*ABOUT THIS TASK*. Please write out exactly, without any picture, each line from the first in the listing through the line that includes "Young woman with".

*STORED DATA*.
* * *
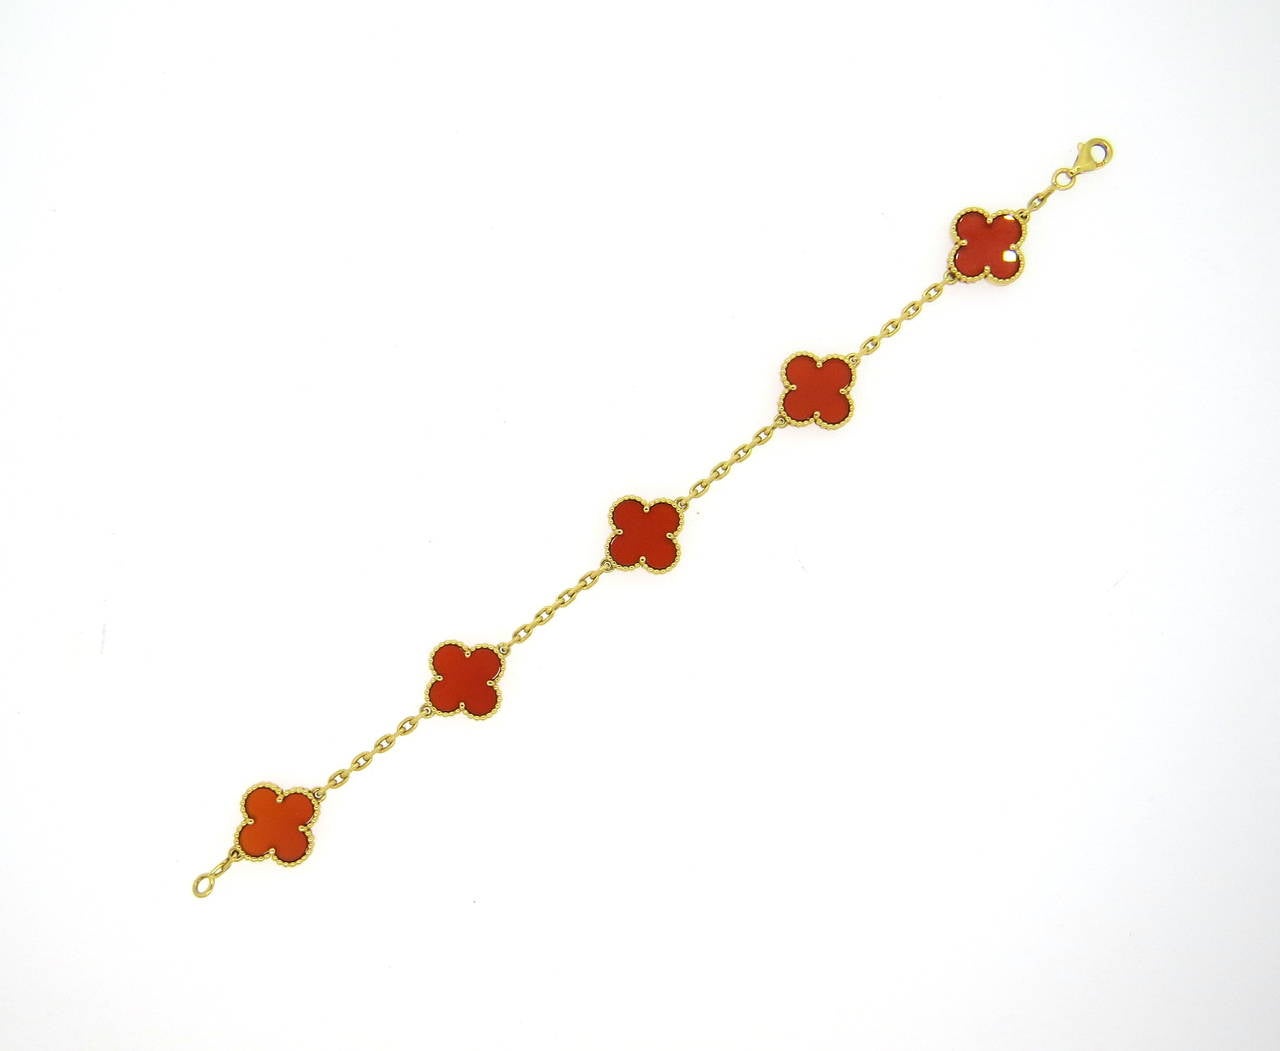 Beautiful 18k yellow gold clover necklace and bracelet set, crafted by Van Cleef  & Arpels for iconic Vintage Alhambra collection, set with carnelian stones. Necklace is 17
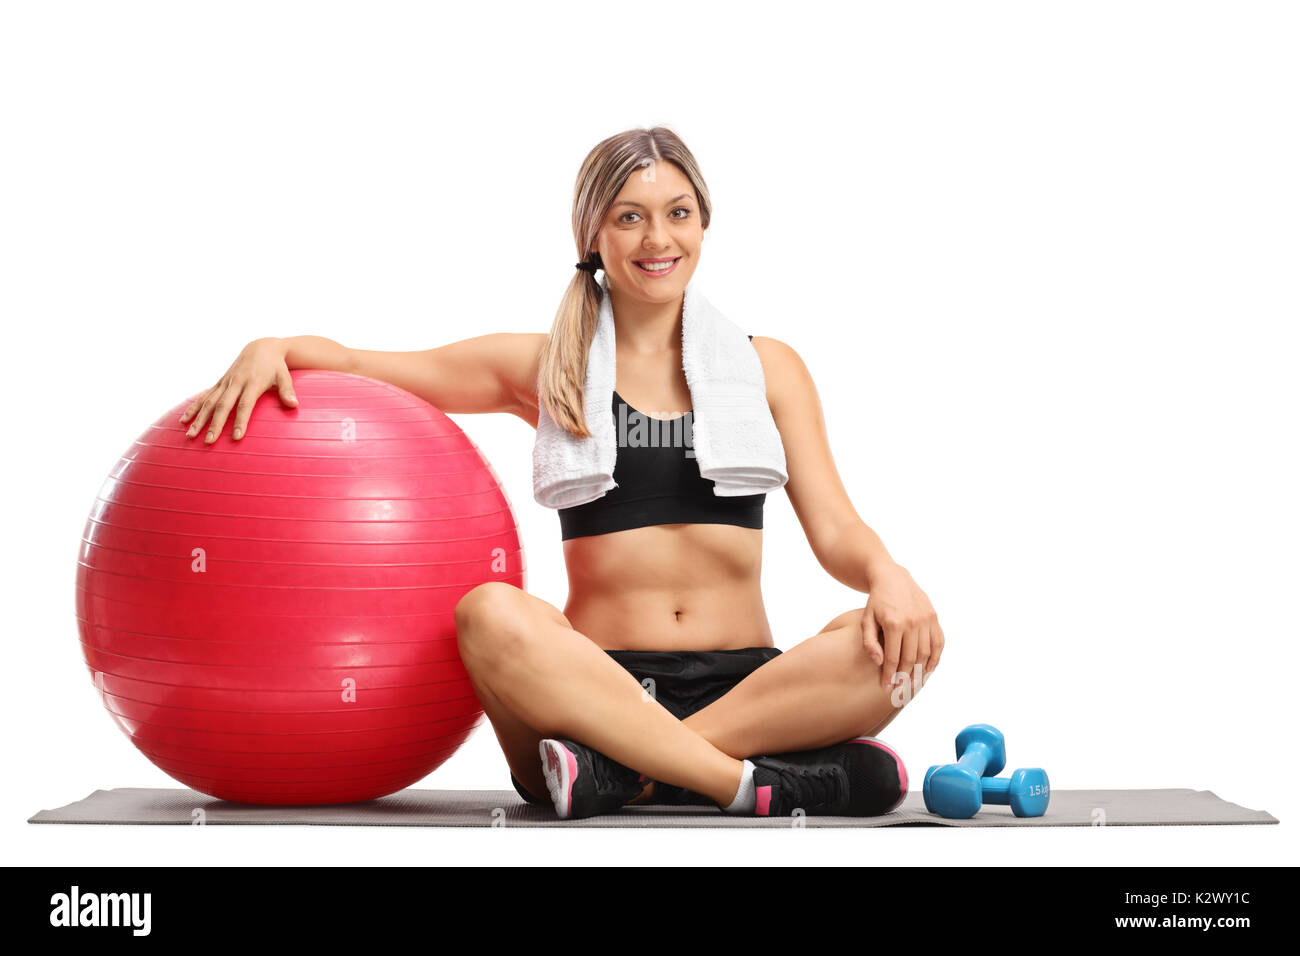 Young woman with a pilates ball and dumbbells sitting on an exercise mat isolated on white background Stock Photo
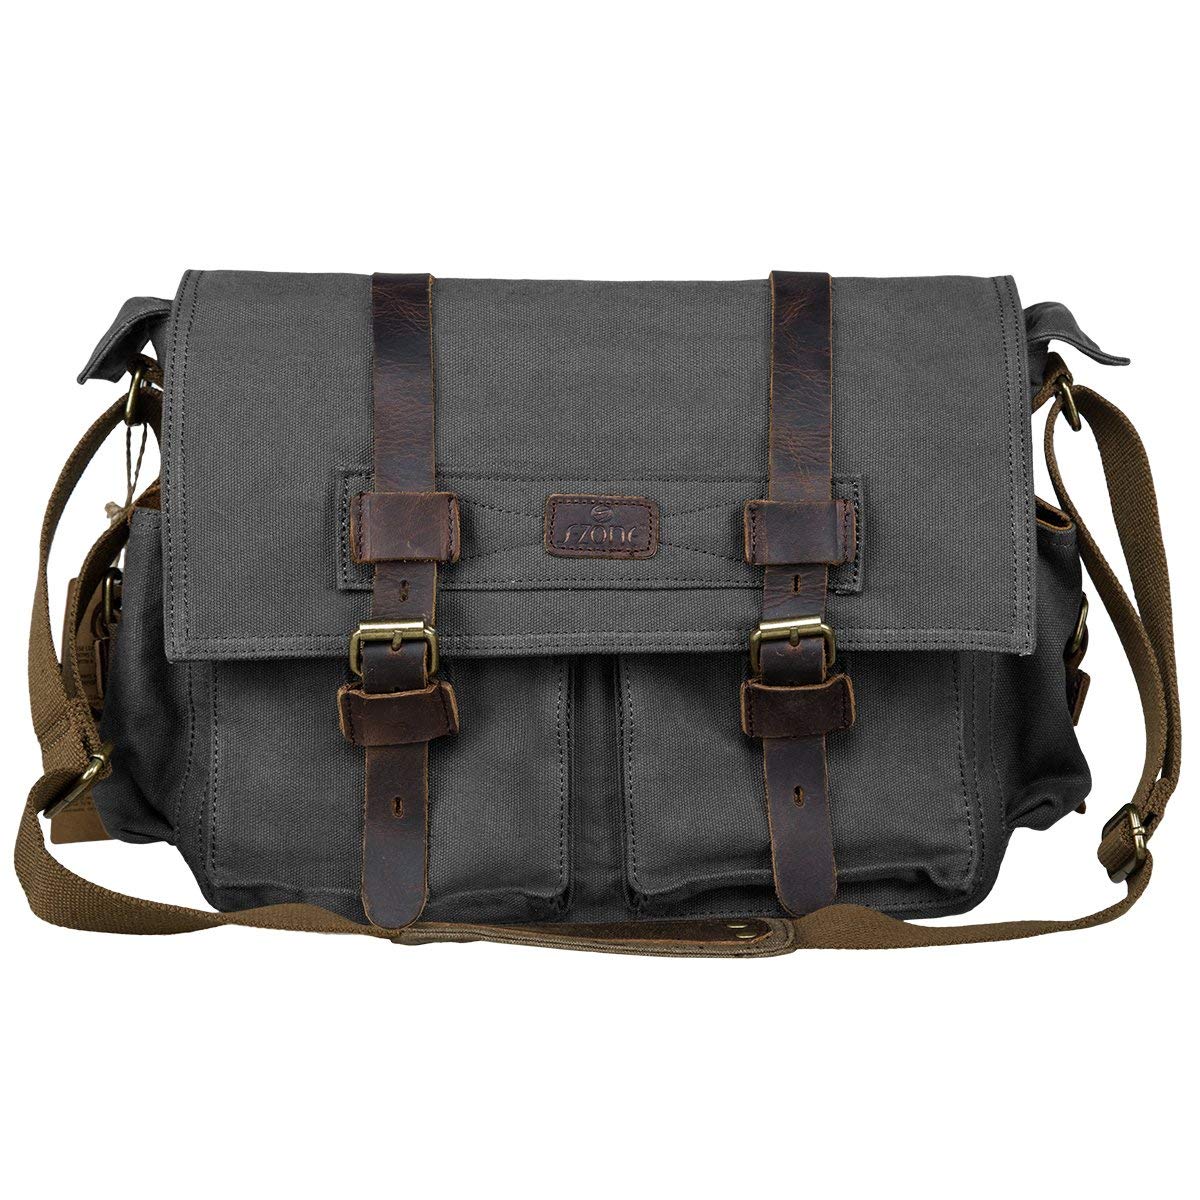 best camera bags, mens camera bag, best professional camera bags review, camera gear bag, camera bags for professional photographers, recommended camera bags, leather camera bag, top camera bags 2017, best over the shoulder camera bag, modern camera bag, top camera bags, best dslr camera bag for travel 2017, best dslr bag, canvas camera bag, large camera bags, best rangefinder camera bag, dslr bag review, best small camera bag, camera bag 2017, camera and laptop bag, laptop camera bag, dlsr bag, best camera case, best camera bag in the world, camera bag dslr 3 lenses, best camera messenger bag 2017, pro dslr camera bag, cool camera bags, best dslr camera bag for travel, camera bag reviews the complete list, dslr camera bag, best mirrorless camera bag, small dslr camera bag, travel camera bag, mirrorless camera bag, photo bag, dslr camera case, popular camera bags, best messenger style camera bag, camera messenger bag, camera bag brands, best dslr camera bag, best camera shoulder bag, small camera bag, best camera bags for travel, waterproof camera bag, photography bag, best camera bag 2016, camera bag reviews, best camera bags 2017, best camera messenger bag, herschel camera bag, professional camera bags, best camera bag, camera bag
* * *
*EXPECTED ANSWER*.
 Beautiful 18k yellow gold clover necklace and bracelet set, crafted by Van Cleef  & Arpels for iconic Vintage Alhambra collection, set with carnelian stones. Necklace is 17
 Young woman with a pilates ball and dumbbells sitting on an exercise mat isolated on white background Stock Photo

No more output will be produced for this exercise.